__The data__
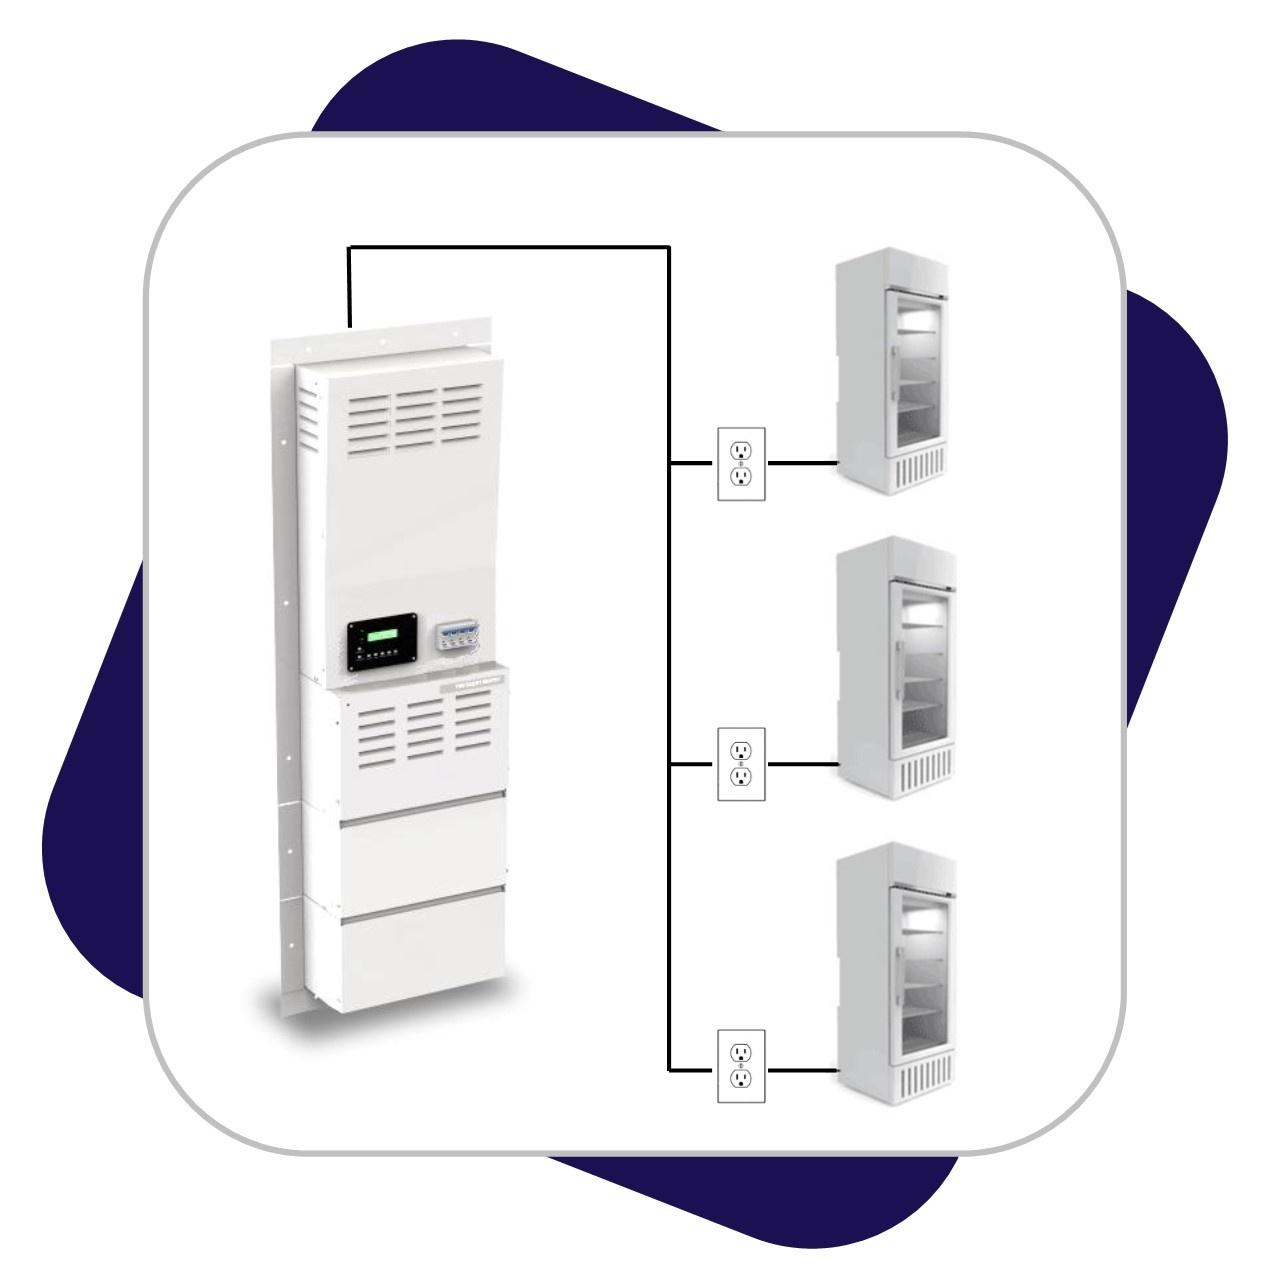 Hardwire Refridgerator Battery Backup System
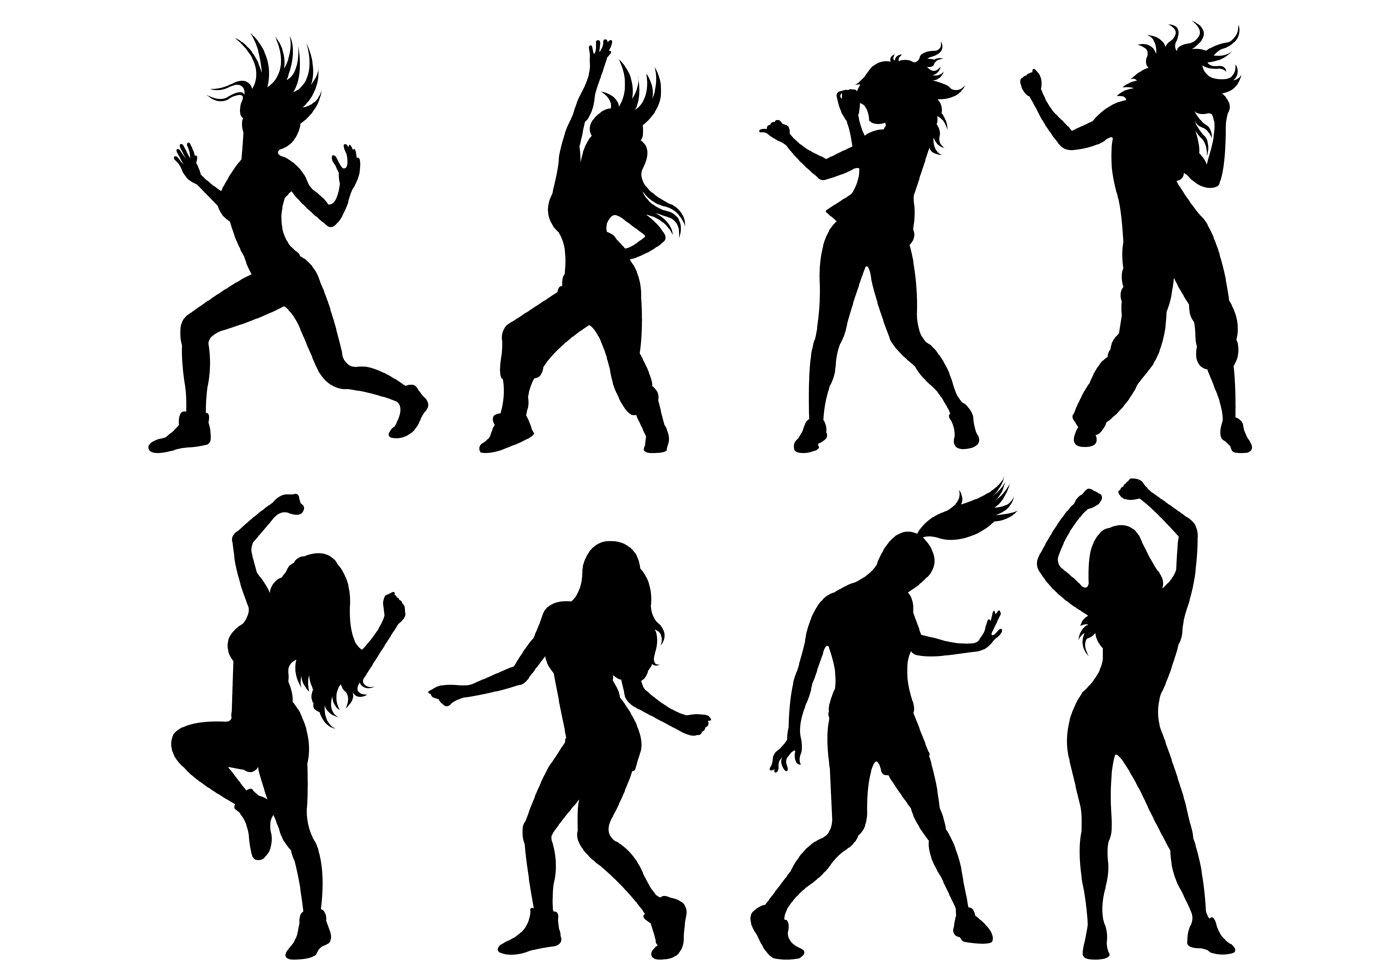 Clip Art of Zumba | zumba clip art image search results | Salud y  ejercicio, Ejercicios, Salud
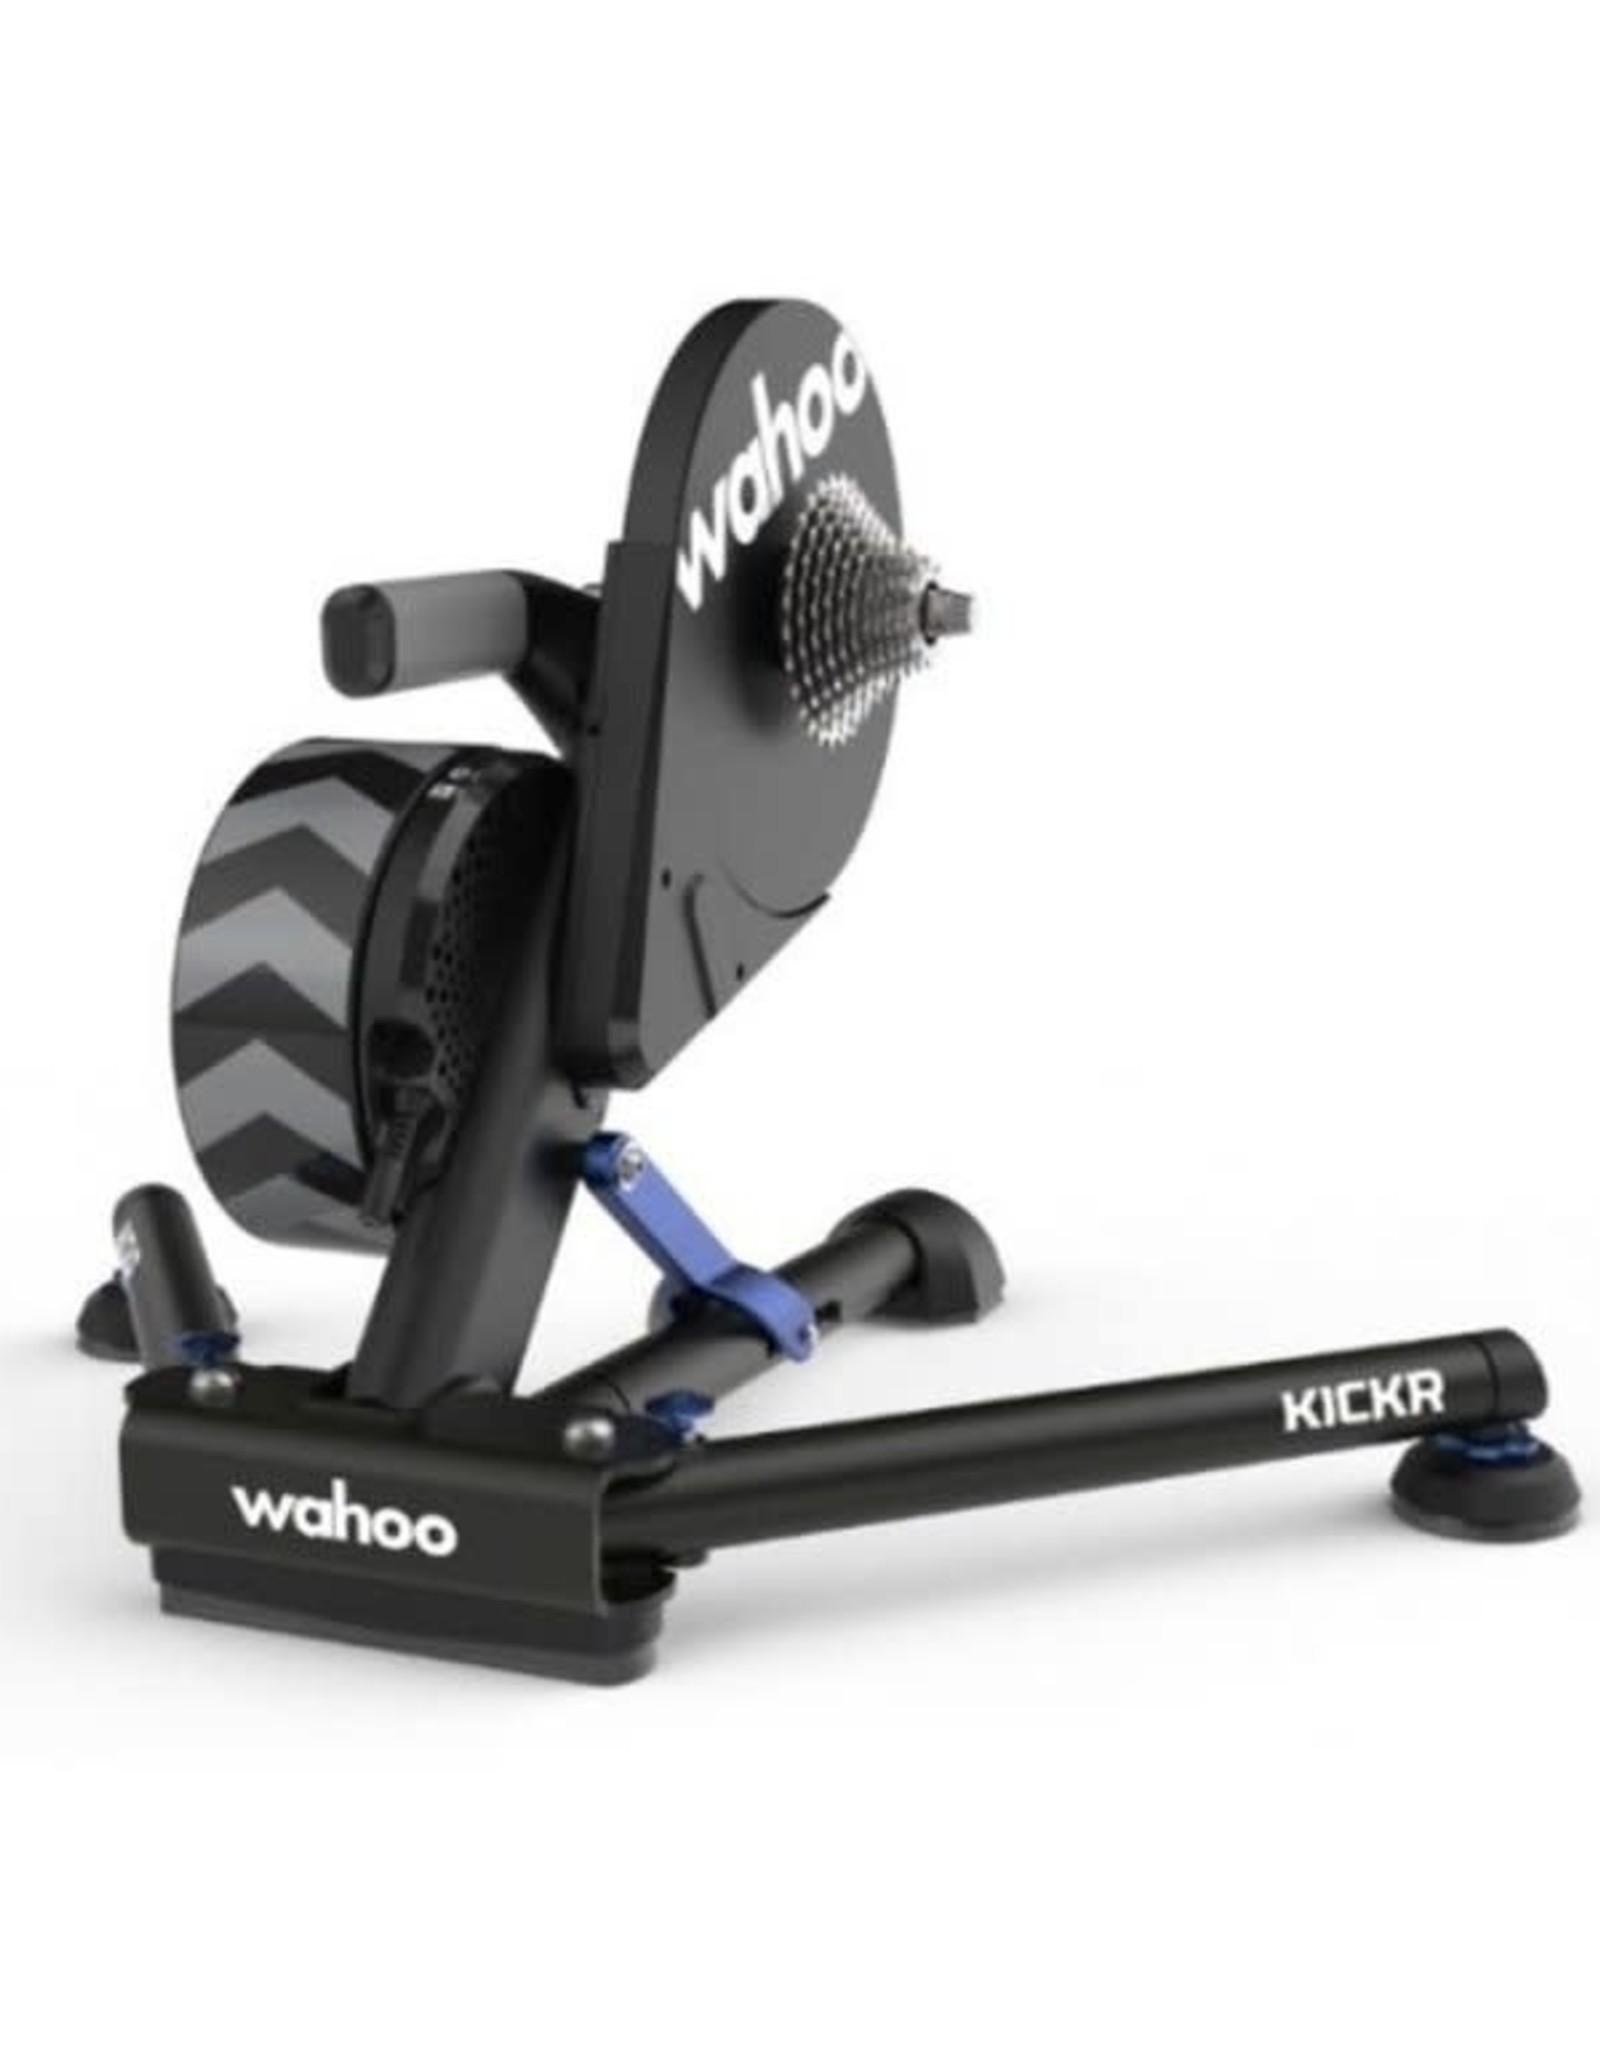 WAHOO KICKR V5 SMART POWER TRAINER

__Assignment__
Transcribe the listing in full. Leave the pictures out.

__Task answer__
 Hardwire Refridgerator Battery Backup System
 Clip Art of Zumba | zumba clip art image search results | Salud y  ejercicio, Ejercicios, Salud
 WAHOO KICKR V5 SMART POWER TRAINER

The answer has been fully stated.